We risk turning life into an illness

Is my doctor a neoliberal?

From apps to doctor's offices, we are being given more and more data and detail about our health. We are then given the drugs we need to balance each person's collection of conditions. This however argues David Healy is just the result of the neoliberal target setting pharmacology establishment pushing drugs to treat life. He argues for a rejection of this treatment in his continuation of Technology and the demise of medicine.

 

Targets created economic neo-liberalism. Targets emerged simultaneously in medicine and illustrate the ramifications of neoliberalism.

Treating diseases was the traditional goal of medicine. Up to 1980, doctors measured blood pressure, glucose and cholesterol levels, bone densities, and scores on rating scales as an aid to treating heart attacks, diabetes, or psychoses.

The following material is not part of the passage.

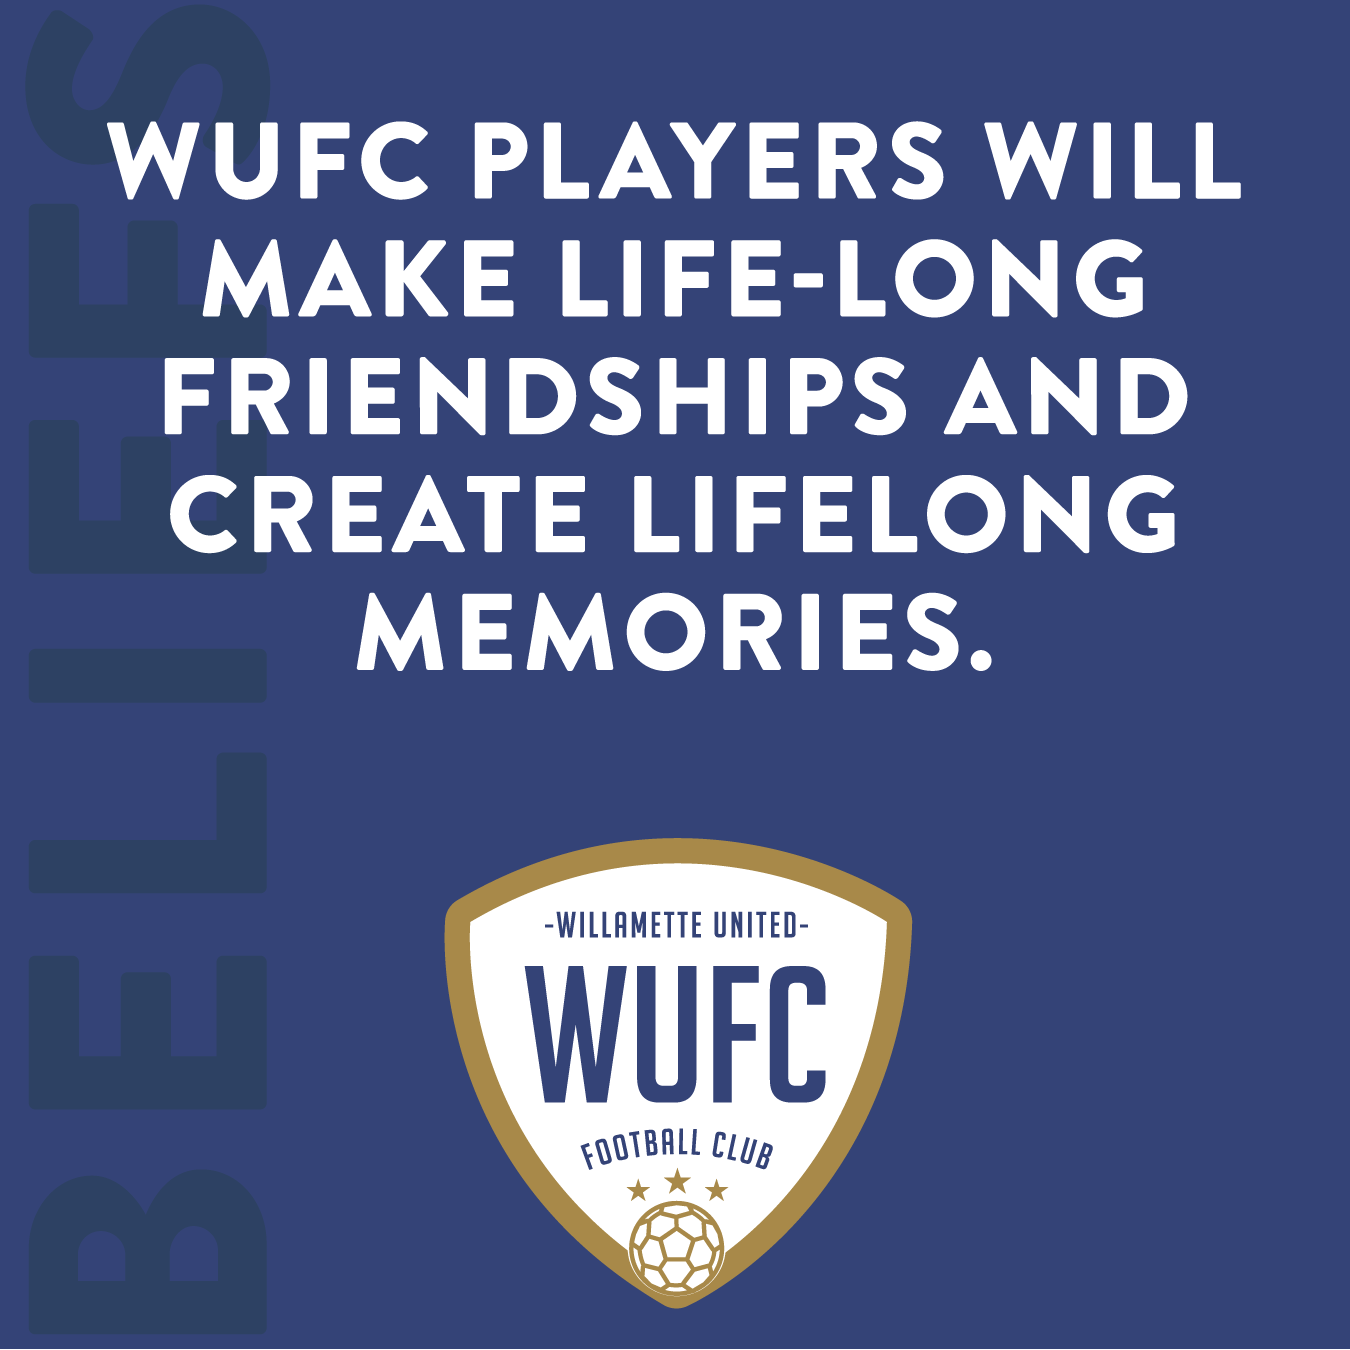 WUFC Belief meme 10-01.png

In 1981, blood pressure, glucose and related targets treating which would prevent heart attacks or psychoses. Services reorganized themselves to screen for and treat numbers. Before 1980, we brought our problems to doctors, after that medical clinics began to summon us for screening and gave us problems we didn’t know we had.  Rather than the market in health shrinking as prevention suggests, it expanded dramatically.

Pharmaceutical companies focused on treatments to manage these targets. Around 90% of company profits are made from medicines to treat targets rather from medicines to save people having heart attacks, strokes, or psychoses. Where once we might have taken a time-limited treatment for one disease, we were soon being treated in perpetuity with multiple drugs.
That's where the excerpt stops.